Revolver is comprised of Michael Sicoly, who performs as Paul McArtney; Mick Dalla-Vee, who takes the stage as John Lennon; Skip Prest, who riffs on as George Harrison; and Rocket Norton, keeping the beat as Ringo Starr. These seasoned veterans in the music industry have been performing professionally since the sixties and seventies, and each has an impressive musical CV. But together they do an incredibly impressive job of transforming themselves into the Fab Four from Liverpool.

Starting with early albums like Please Please Me, Revolver work their way through the sixties songs and protest songs, such as Revolution, psychedelic tunes like Lucy in the Sky with Diamonds, and John Lennon’s famous Ballad of John and Yoko right up to A Day in the Life, Hey Jude, and that famous opening song from Abbey Road, Come Together.

Revolver has got the chops and the energy and the commitment to please the audience by pulling off huge Beatles sights and sounds. They also provide historical information about the Beatles that is augmented by a movie theatre sized screen of images from the era in which this band came to such widespread public acclaim.

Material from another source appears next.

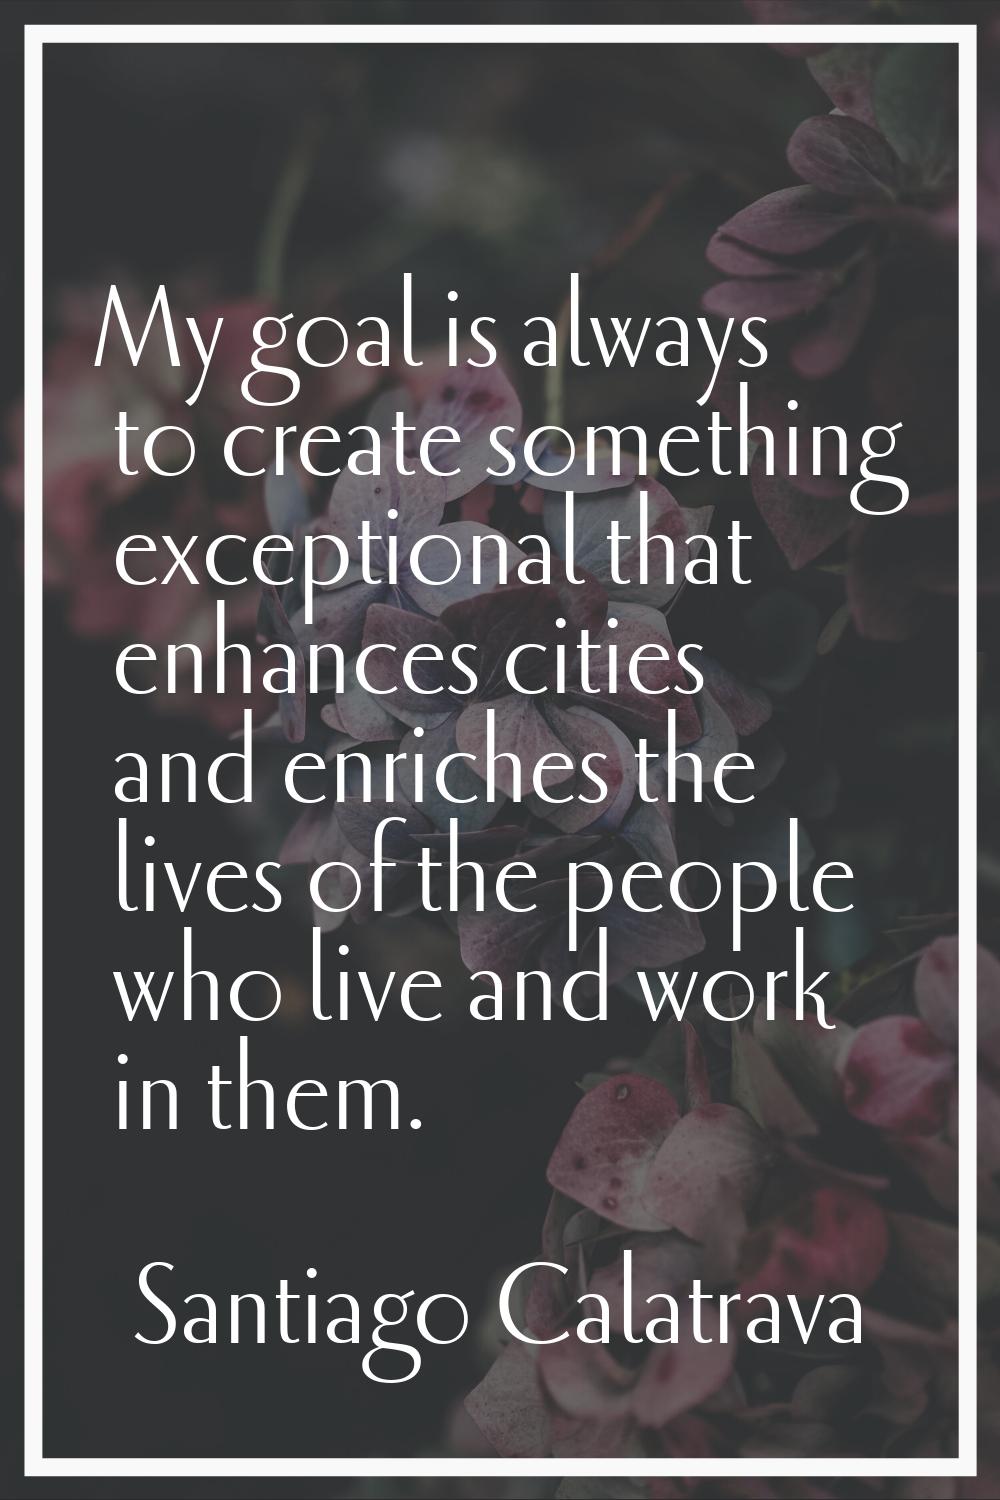 My goal is always to create something exceptional that enhances cities and enriches the lives of th

They know how to have fun with the crowd, too. During the Sergeant Pepper segment, Skip’s colourful orange pants fell down around his ankles, but he kept picking his lead guitar as if nothing had happened, until the end of the song (he did have jeans on underneath). At this point, Michael pipes up and says, “We usually have to wait for George to change his guitar, but now…” You just never know when a wardrobe malfunction is going to throw a curve ball your way.

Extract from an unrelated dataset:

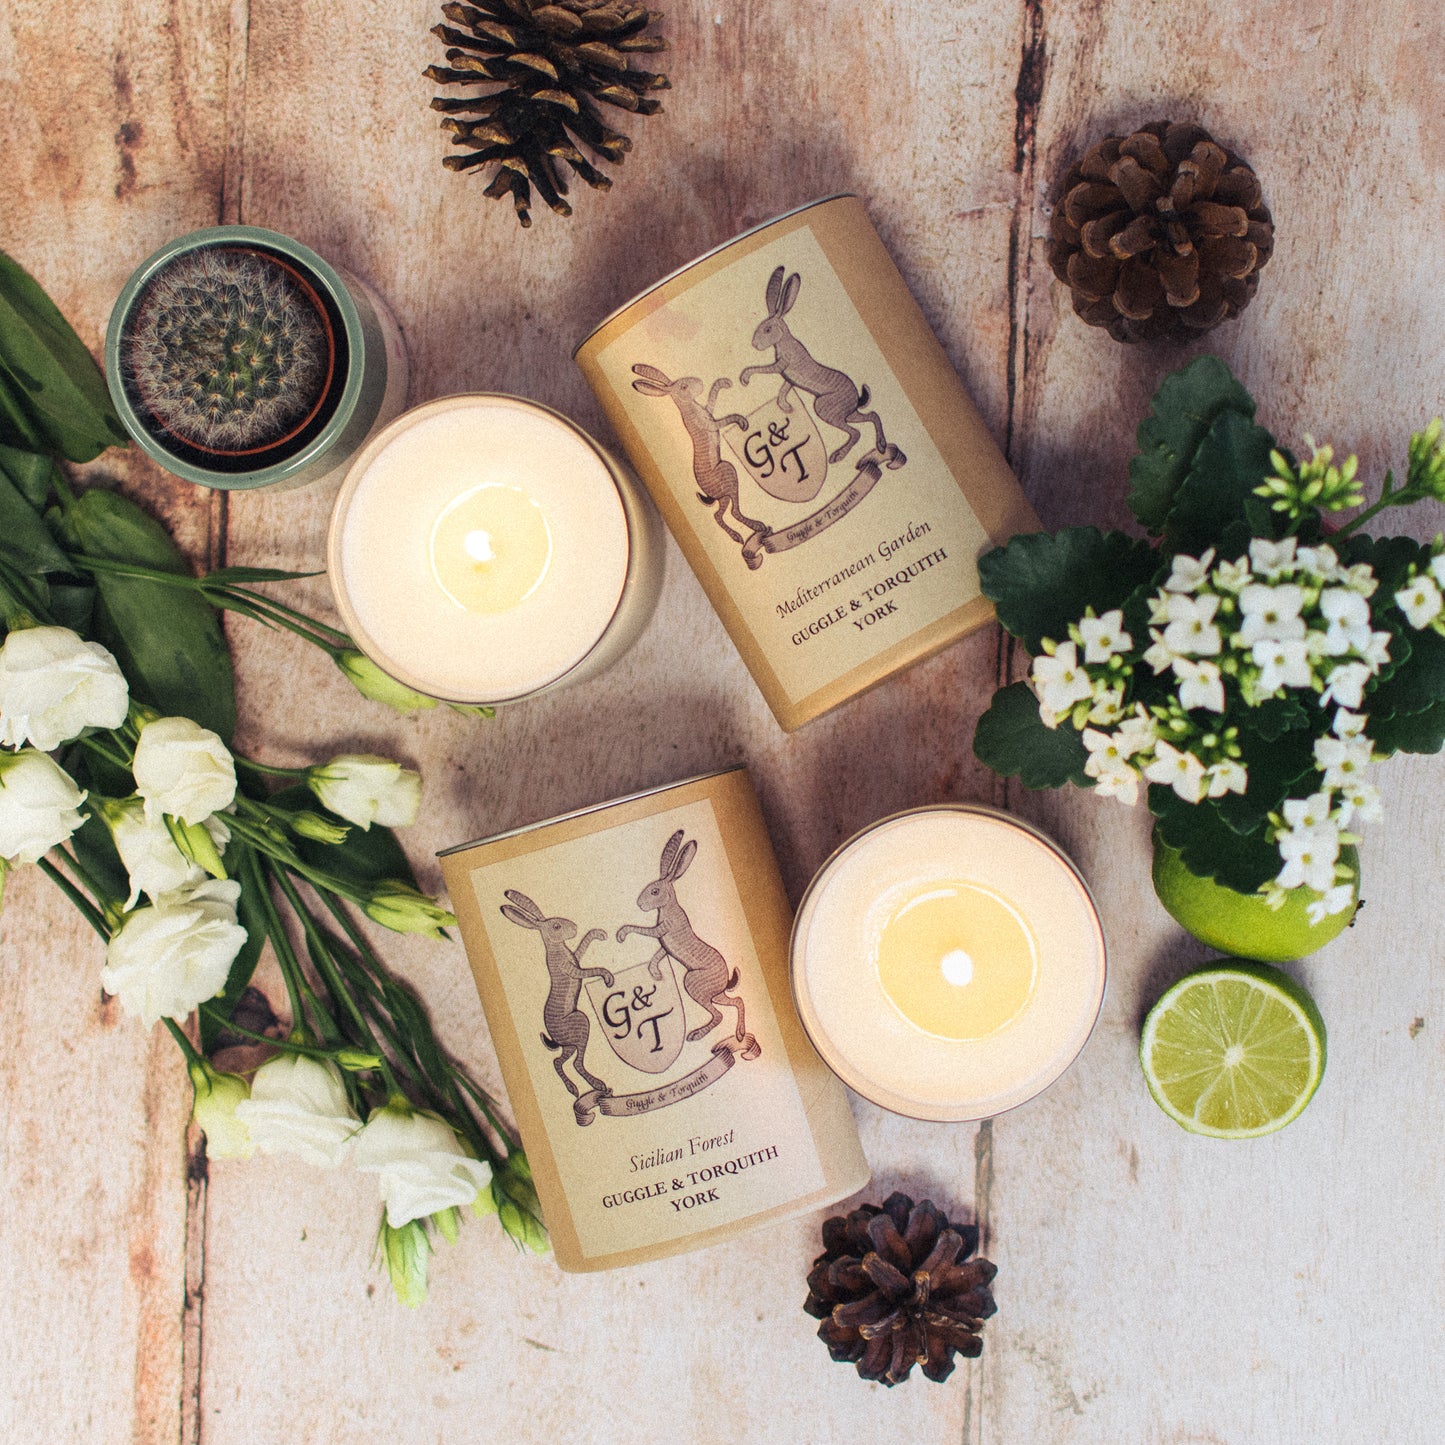 Guggle and Torquith Candles Handmade in East Riding of Yorkshire - Country Home Fragrance

Saturday night’s performance was very well received by the audience. Many sang along, most clapped energetically, and there were more than a few raucous fans, shouting out enthusiastic praise.

Aside from a few younger patrons who also seemed to be enjoying the show, most of the audience looked like they could have been around during the Beatle’s heyday. In fact, I spoke with one woman who said she had been on hand for when the Beatles came to Vancouver. By all accounts, Revolver is an excellent substitute for the real thing, providing some bittersweet nostalgia for those of us on the upper side of fifty, looking back fondly on a group whose musical discography has become the soundtrack for a generation. If you ever get a hankering to recapture some of the memories, Revolver is just the ticket.